● **Aim of the exercise**
Would you print only the lines running from the one with "Sac Maquillage Coffret" to the final line of the data below, word for word and without pictures?

● **Given material**
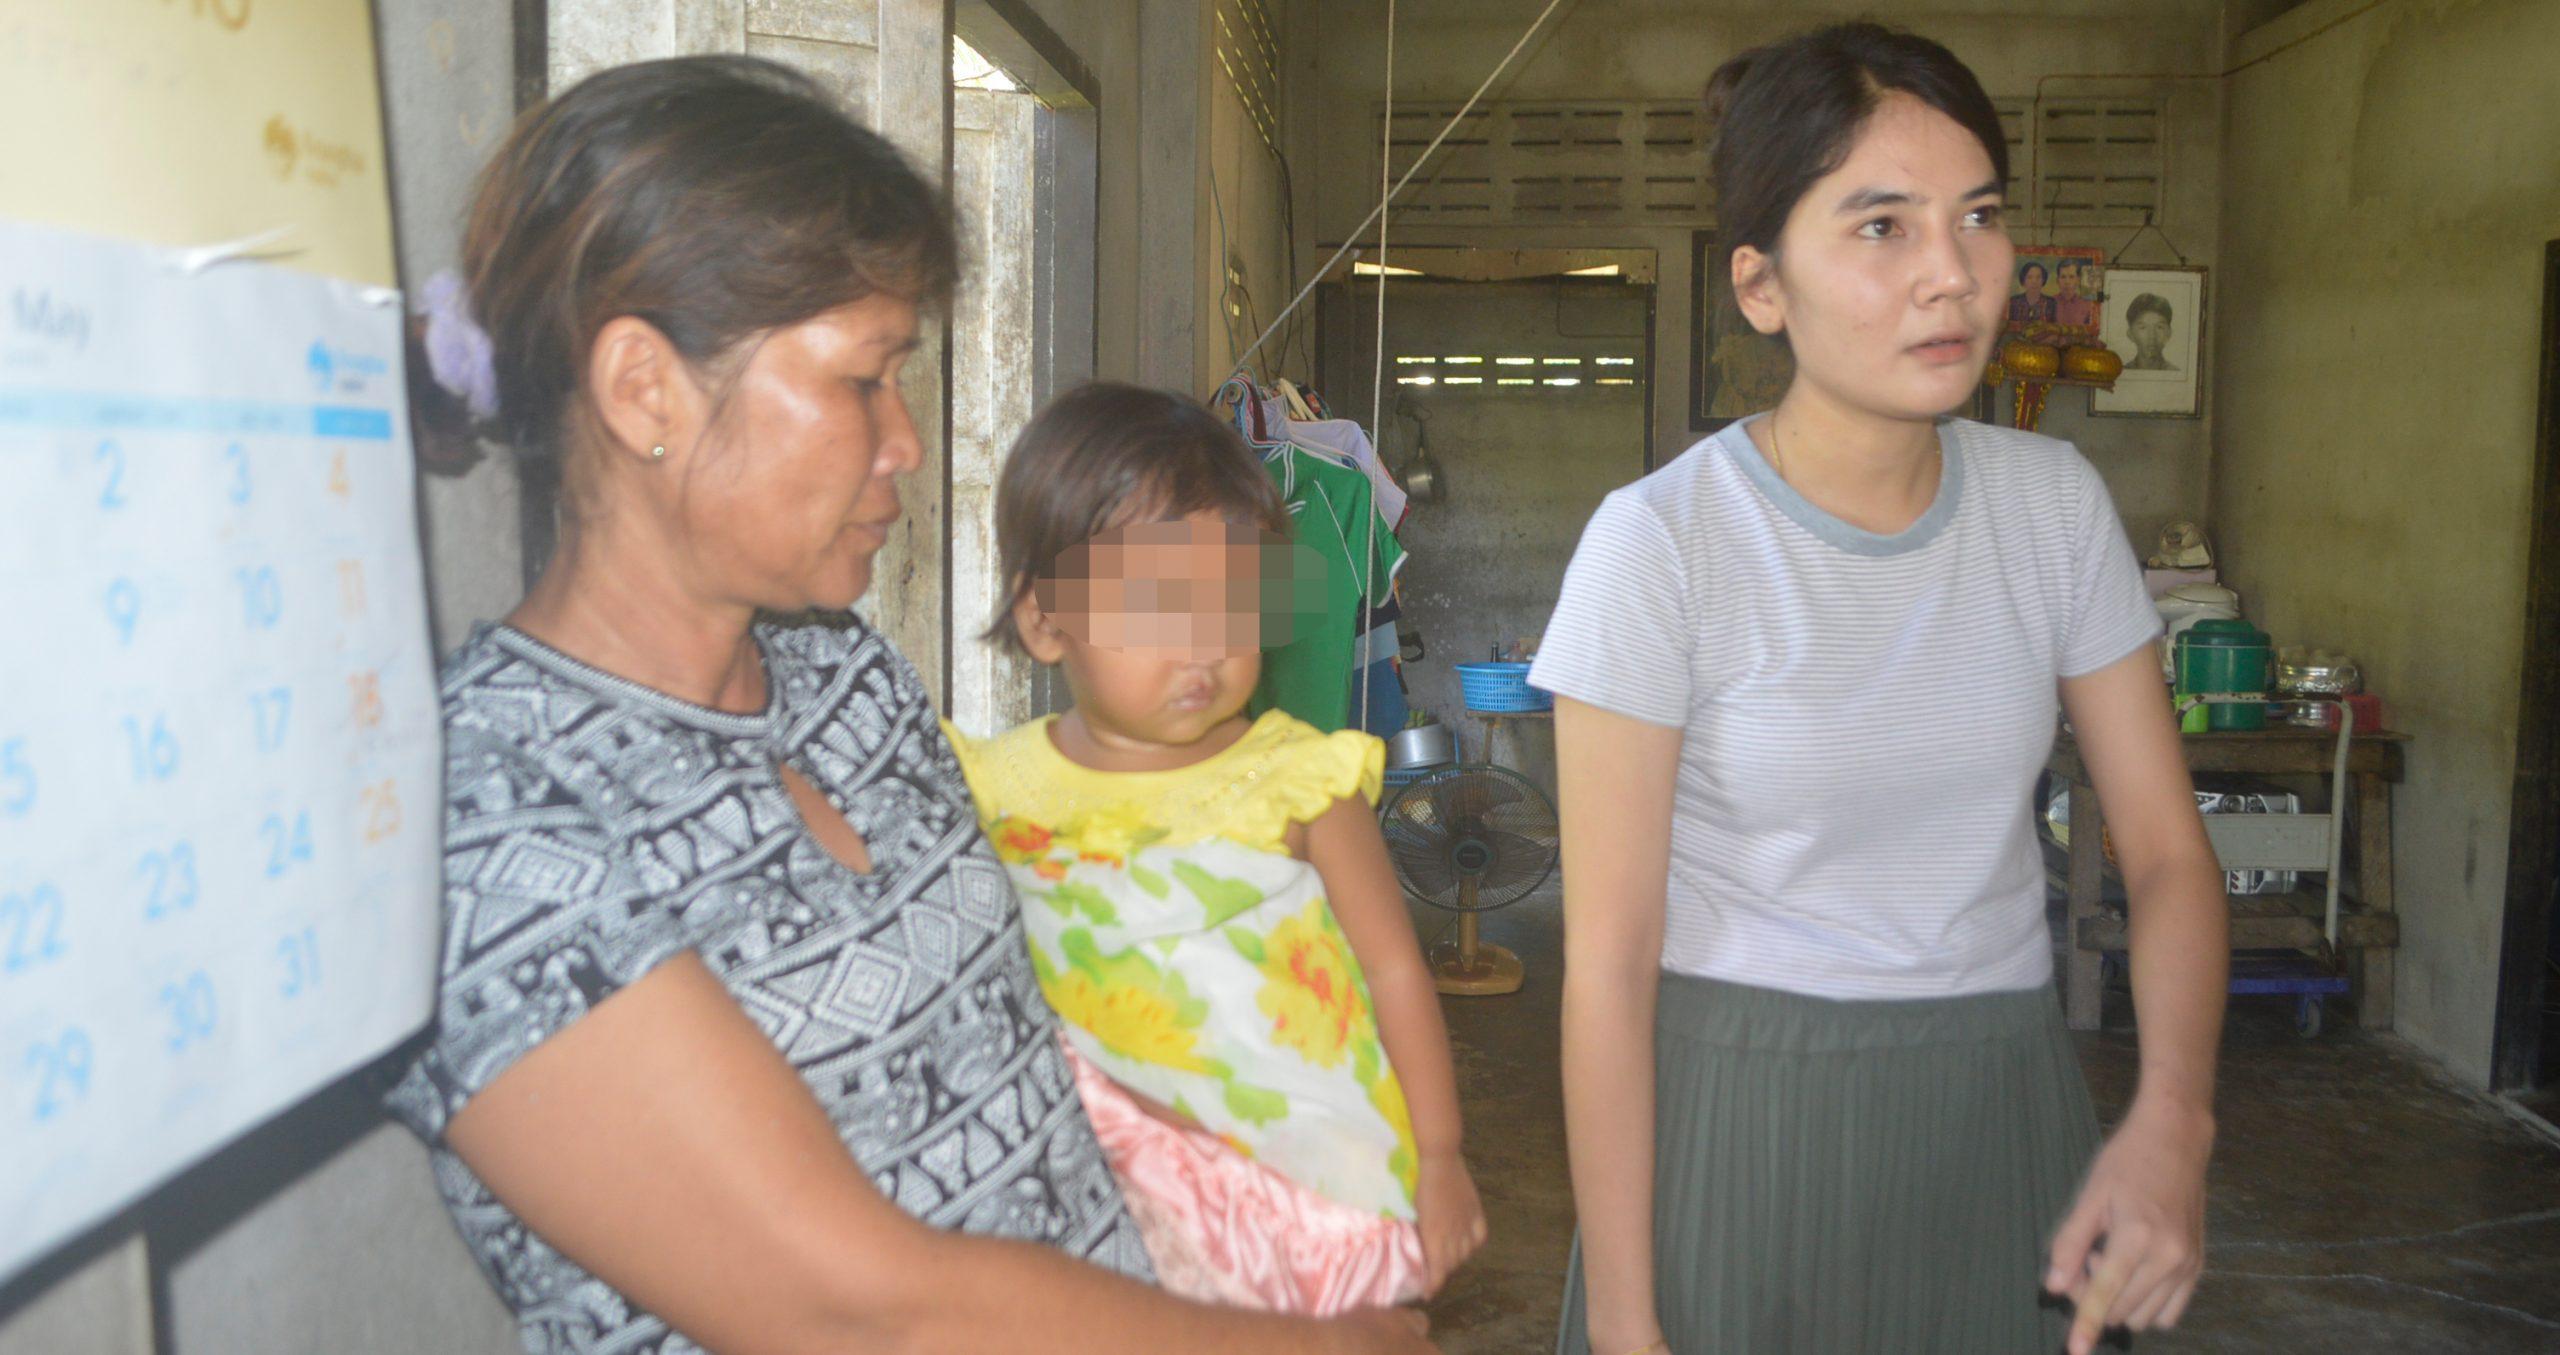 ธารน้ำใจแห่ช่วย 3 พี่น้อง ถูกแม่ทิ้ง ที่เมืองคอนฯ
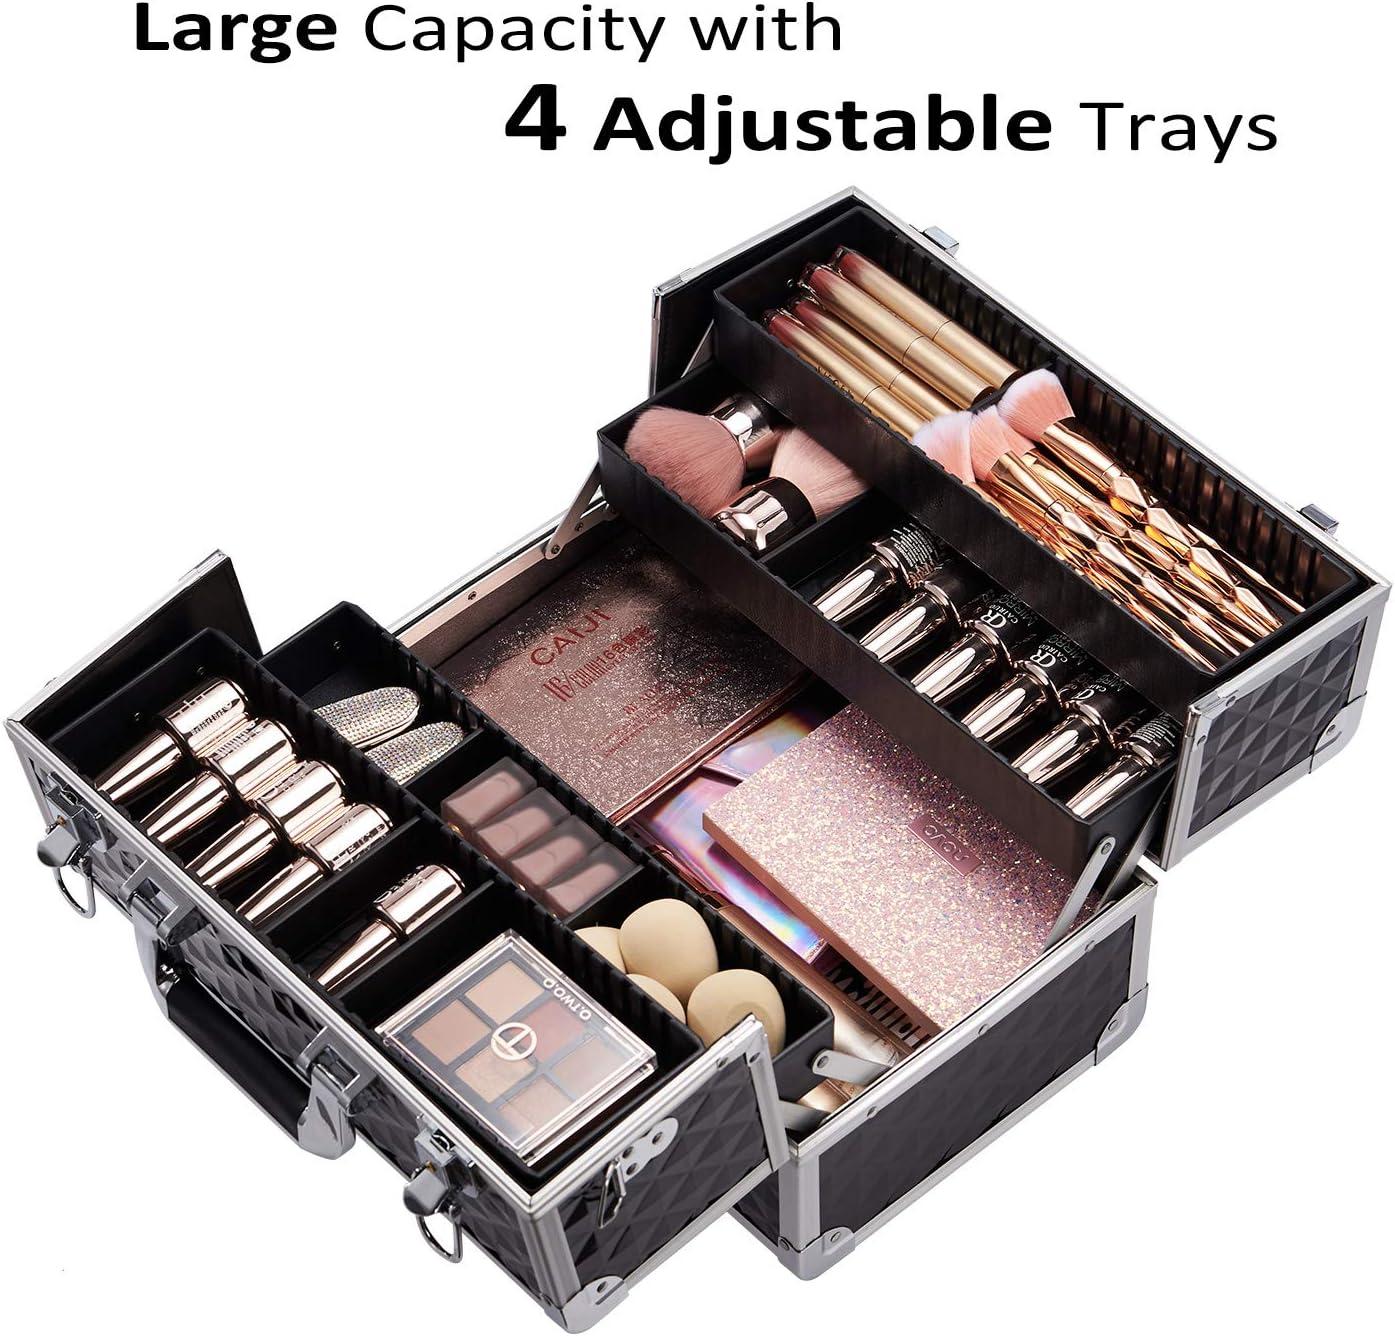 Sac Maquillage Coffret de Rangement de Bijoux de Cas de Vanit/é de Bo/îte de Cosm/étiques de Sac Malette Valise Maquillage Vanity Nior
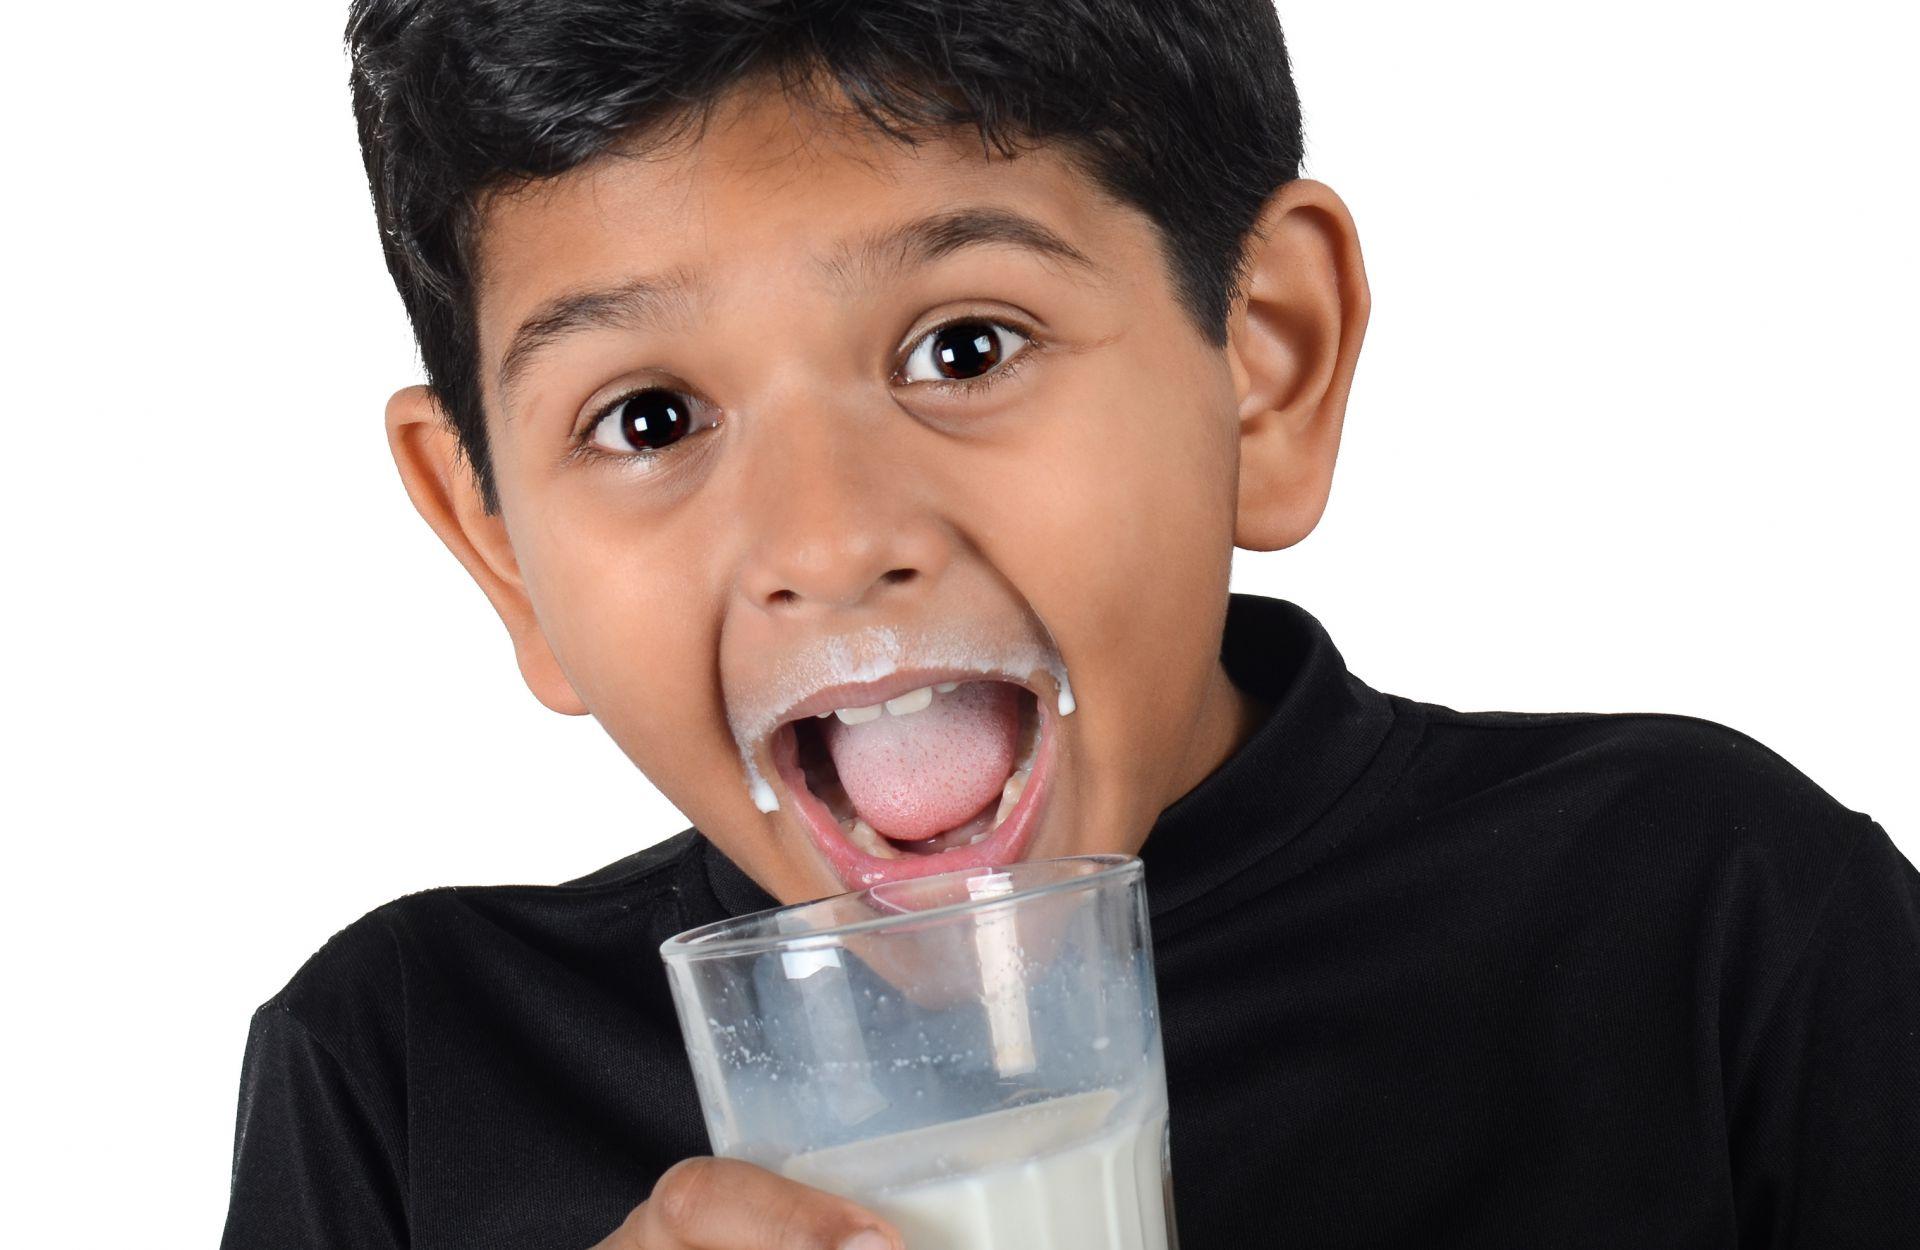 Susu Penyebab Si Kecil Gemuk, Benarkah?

● **Result of the task**
 Sac Maquillage Coffret de Rangement de Bijoux de Cas de Vanit/é de Bo/îte de Cosm/étiques de Sac Malette Valise Maquillage Vanity Nior
 Susu Penyebab Si Kecil Gemuk, Benarkah?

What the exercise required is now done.